I want to choose my best compressor and make it my main and the flagship project. Which one of my compressors works the best for you? Poll and/or post your opinion!
![]()
An improved BALZ v1.13 (ROLZ compression)
An improved BCM v0.02 (BWT compression)
The brand new CM-based compressor
The brand new LZ77-based compressor
Other, not listed
I want to choose my best compressor and make it my main and the flagship project. Which one of my compressors works the best for you? Poll and/or post your opinion!
![]()
PIMPLE v1.43 is still my favorite.![]()
Here is my comments about your well-known compressors:
QUAD
I really like it. It is fast and efficient. You may focus on optimal parsing for future improvement. I think, without optimal parsing, we cannot make a huge step.
BCM
I know, it's your first BWT experience. So, everything can be expected. For me, it's a bit slow. I think, this is about totally BWT worst-case on certain data.
TC
It seems efficient. But, not very fast. Works as a PAQ clone. Do not misunderstood me. I don't mean that you cheat some codes from PAQ source. Just works deadly slow like PAQ.
PIMPLE and PIM
They are very practical compressor. I like them.
LZPM
It's a strong archiver from your collections. For me, it's big brother of QUAD. I wish QUAD had same compression level with it's current speed.
BALZ
I really dislike this project since it was started. I never like it. As a note again, it's latest release is very slow and only benefits for highly redundant data. It's impractical for me.
I think, best thing for you to focus on PIMPLE/PIM or QUAD/LZPM. If you go on QUAD/LZPM side, you should keep the LZ nature (enough speed with accaptable compression level). We don't need highest compression for a LZ based compressor. But, you may add an extra option.
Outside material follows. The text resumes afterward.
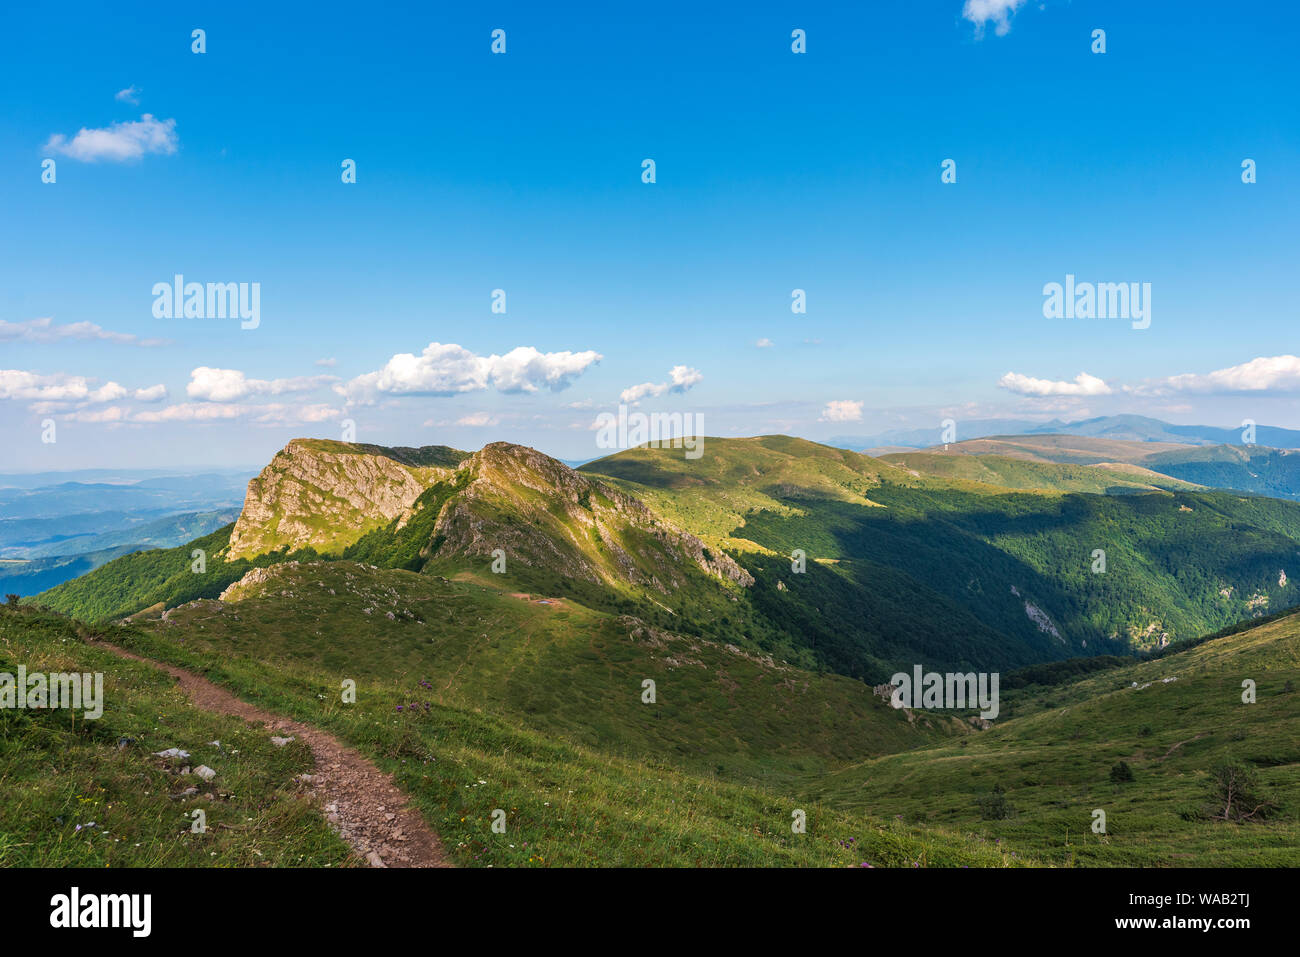 Vue panoramique à partir de l'été ( vieille montagne Stara planina), la Bulgarie. Parc national Balkan Central, Stena Kozia chèvre (mur) réserver. Banque D'Images

I hope, these comments could help you at choosing your way. Good luck
Hmm, tough question... I'd like to see some new pure CM inspired by PIMPLE and TC, and/or a new segmentation filter, this combination could easily be your new flagship![]()
I am... Black_Fox... my discontinued benchmark
"No one involved in computers would ever say that a certain amount of memory is enough for all time? I keep bumping into that silly quotation attributed to me that says 640K of memory is enough. There's never a citation; the quotation just floats like a rumor, repeated again and again." -- Bill Gates
i think the new BCM (BWT compression)
is a good step in the direction to become a star in the world of compression
from 001 to 002 it compresses better in less time
but i dont know: Is there a big unsolved problem on this program?
Stephan Busch wrotes:
"fails in compression of a special dataset with very redundant data,
on which some others fail as well
(p.ex. BBB by Matt Mahoney and also Florin Ghido's QLFC had problems).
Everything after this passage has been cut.